On the 5th of April, the current tax year will end and you will have to get your tax return ready. As a self-employed professional or small business owner, this is a great opportunity to make sure everything is in order and you aren’t paying more tax than you should. Maximize your allowances and top up your pension to reduce your tax liabilities as much as possible.
Personal Tax Allowance
If you are married and your partner is not working you should consider transferring join savings accounts or other investments to them so they can maximize their personal tax allowance, currently at £7,475 for people under 65 years old. This is important because your personal allowance cannot be carried forward to the next year. You may want to talk with your accountant about making your partner a director of your company in order to maximize the amount of tax free dividends if you are a higher rate taxpayer.

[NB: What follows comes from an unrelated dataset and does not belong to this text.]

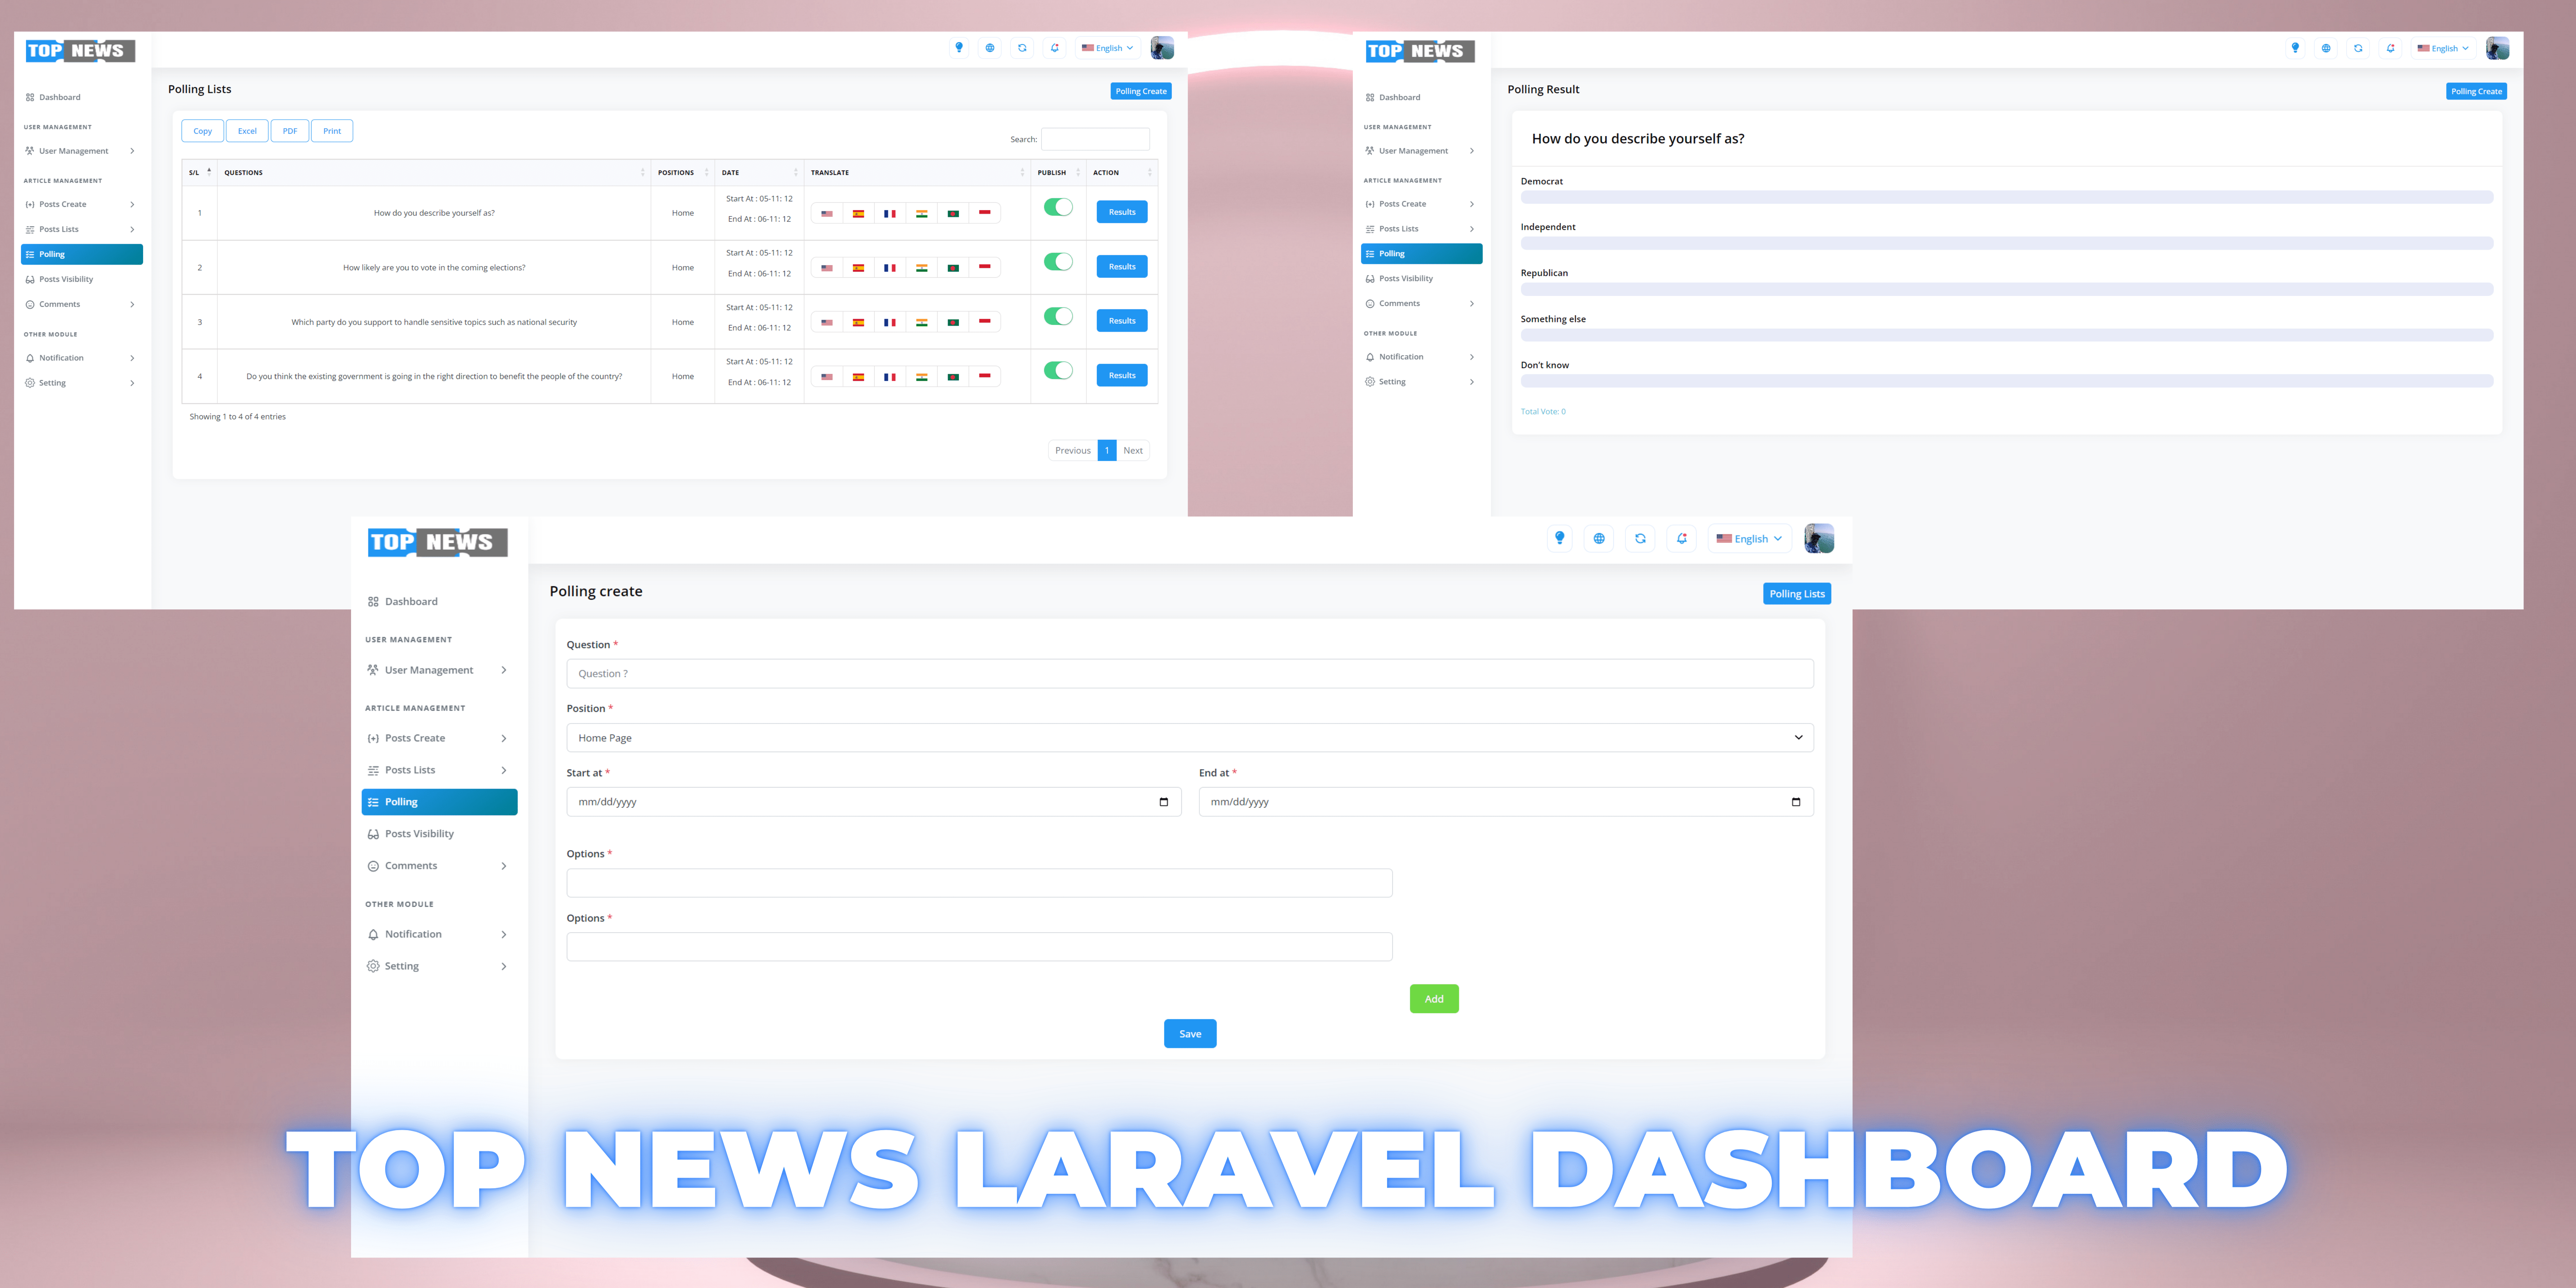 Top News Laravel Dashboard and Flutter Apps - 3

Maximize ISA allowances (Individual Savings Account)
An ISA is a tax-efficient way to save money, because you don’t pay capital gains tax and income tax on the income derived from it. You may be able to save money by investing up to £10,680 on a Stocks and Shares ISA or up to £5,340 on a Cash ISA, and the remaining up to £10,680 on a Stocks and Shares ISA. Since as a basic rate taxpayer you need to pay 20% of your savings interest to the taxman, maximizing your ISA allowance means you can keep at least that 20% for yourself, and ear a quarter more interest. Higher rate taxpayers who pay 40% interest on savings income benefit even more, two-thirds.
Pension Contributions
Tax allowance for approved pension schemes is 20%, or the basic rate tax. This means for each £80 you add to your pension up to £50.00 the taxman will pay £20. If you are a higher rate tax payer, you may be able to claim additional tax relief. So if you want to be as tax efficient as possible, making an extra contribution to your pension pot before the edn of the tax year is a great way to saving some money. Pension plans are sometimes allowable self-employed expenses.
Minimize Capital Gains Tax Liability
Capital gains tax is paid on sales of property, shares, investments, business, or disposal of any asset that creates an income. You will be paying 18% of you are a lower rate tax-payer or 28% if you are a higher rate tax-payer, but you have a tax free allowance that currently amounts to £10,600 for the 2011/12 tax year. Consider disposing of assets in ways that maximize your allowance, and sharing ownership with your spouse or partner so both of you can make use of the tax-free allowance.
If you have a financial advisor or accountant now it’s the best moment to have a chat about minimizing your tax load and saving money before the end of the tax year.